Punishment Versus Compassion

An idea that Johann Hari explores in his book Chasing The Scream is that people with drug addiction need family and community support to get through their addiction, not punishment and castigation. Throughout the book Hari asks why people develop addictions, what do people do when they successfully get past an addiction, and what structures and systems work against recovery?

 

Early in the book Hari references a conversation he had with pastor and civil rights activist Eugene Callender about singer Billie Holliday. Hari writes, “Callender had built a clinic for heroin addicts in his church, and he pleaded for Billie to be allowed to go there to be nursed back to health. His reasoning was simple, he told me in 2013: addicts, he said, are human beings, just like you and me. Punishment makes them sicker; compassion can make them well.”

 

Hari argues that community is the cure for drug addiction. He sees drug addiction as a consequence of trauma, pain, depression, adverse experiences, and a loss of a sense of togetherness. When people are isolated and don’t truly feel as though they are part of a larger community where they belong and where their lives and actions matter, then people can’t take personal responsibility, they can’t work for more, and they often turn to drugs to blunt the pain and fill the empty voids. What this means, is that addiction is a consequence of everyone’s selfish actions, it is not just a moral failing of the individual. Consequently, we all have a role to play in the recovery of those in our communities dealing with addiction.

 

What Reverend Callender noticed, as highlighted in the quote above, is that people dealing with substance addictions need support and guidance to get through their struggles.
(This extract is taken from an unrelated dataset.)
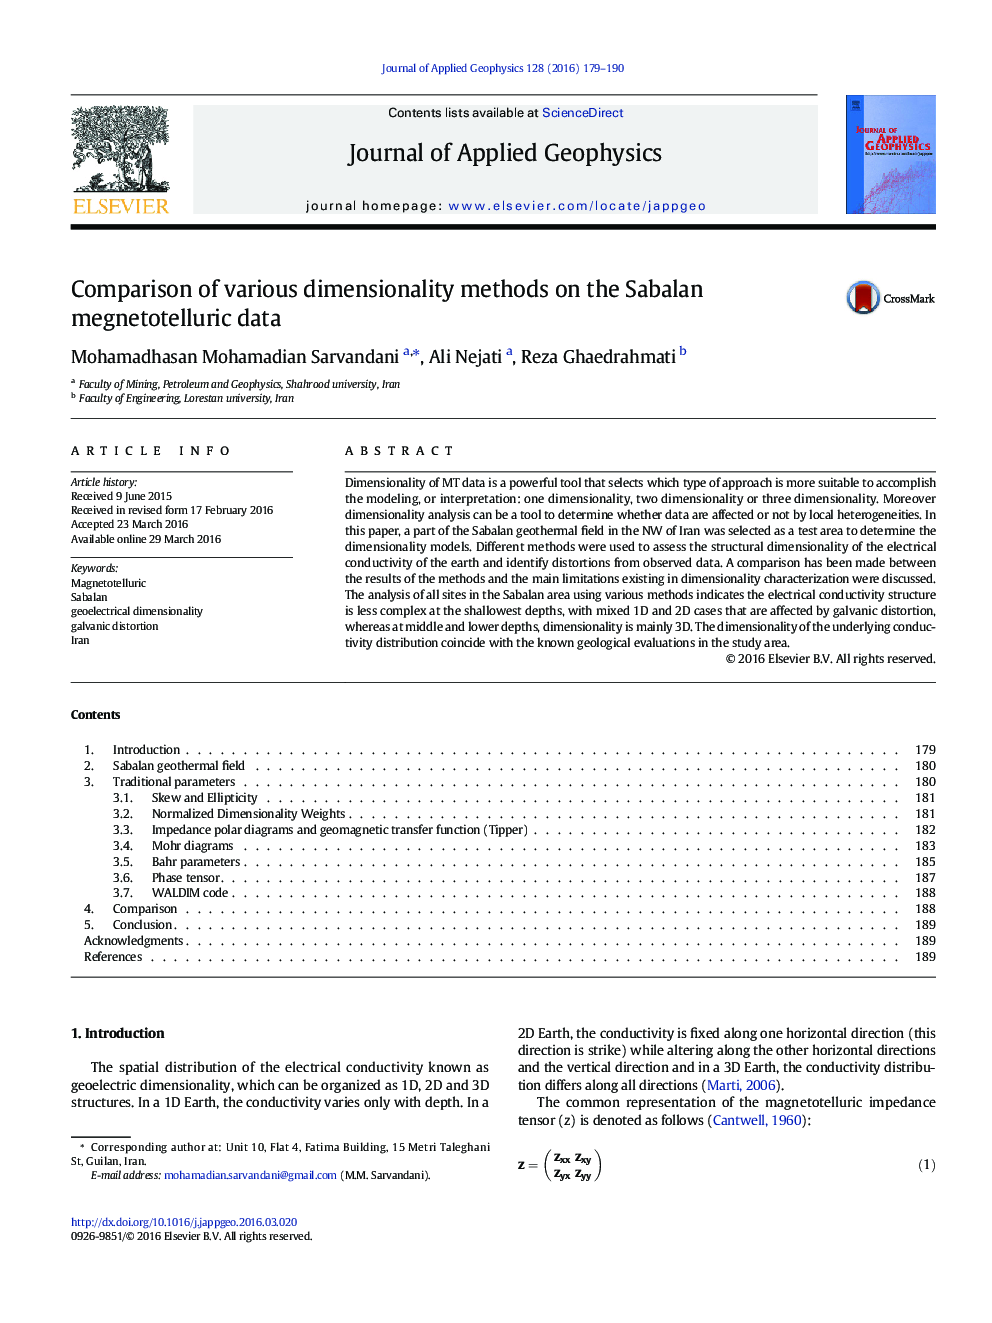 Comparison of various dimensionality methods on the Sabalan megnetotelluric data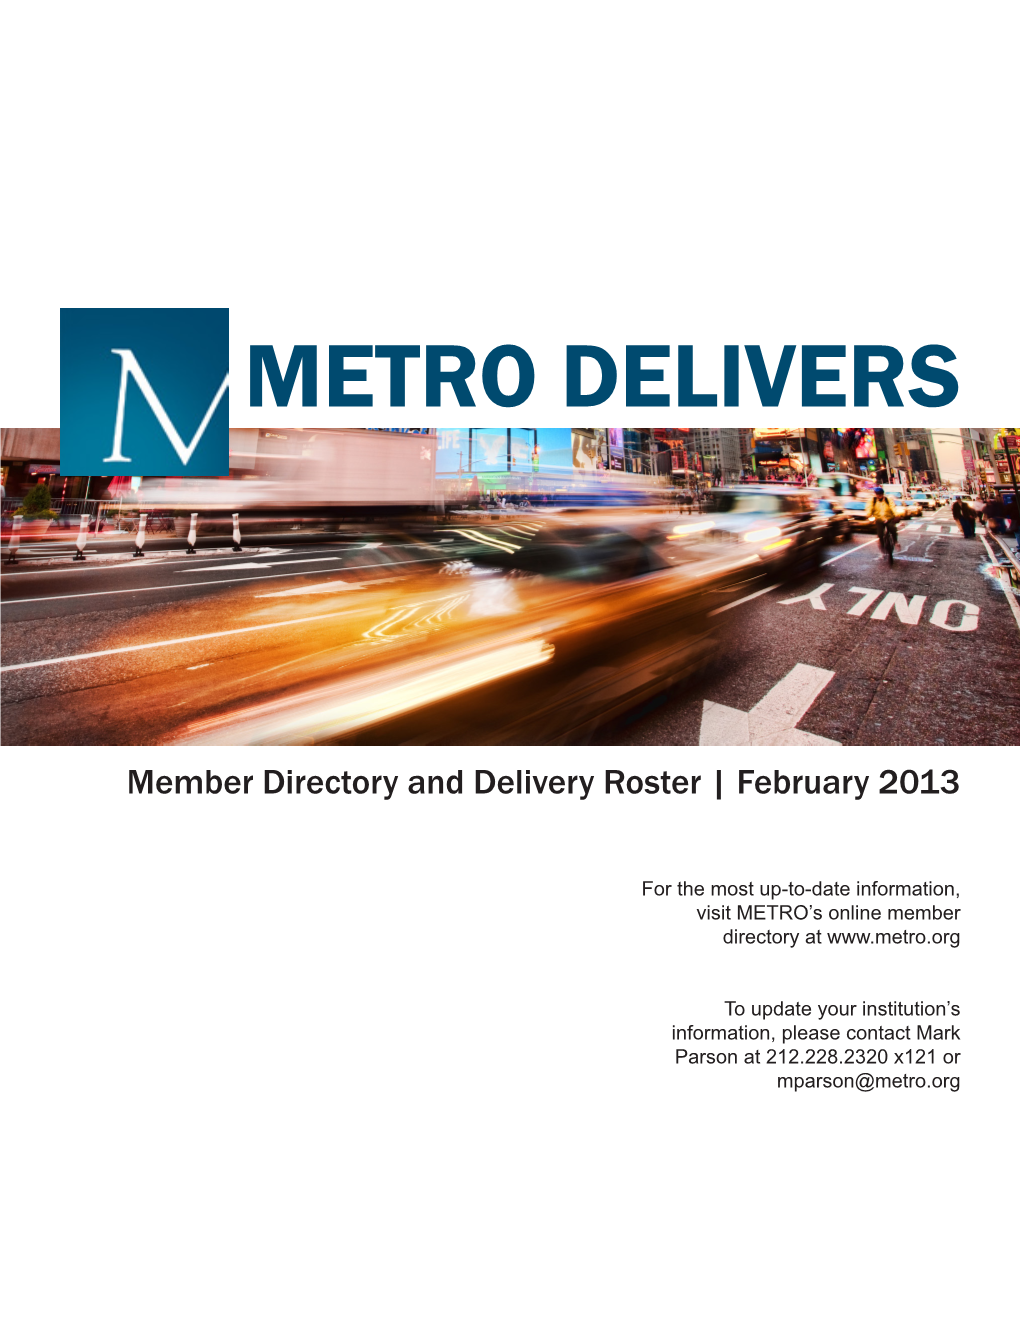 Metro Delivers

People turn to drugs in times of pain when they feel something lacking in their lives. Taking more away from them, limiting their ability to interact with a community, and pushing more challenges at them only worsens the underlying psychological stress and trauma that drove them to addiction in the first place. Punishment is harmful, whereas compassion and forgiveness is what gives people a second chance and encourages them to improve their lives. If we don’t treat people facing addiction with dignity and respect, can we ever expect them to treat themselves with the dignity and respect needed to overcome addiction?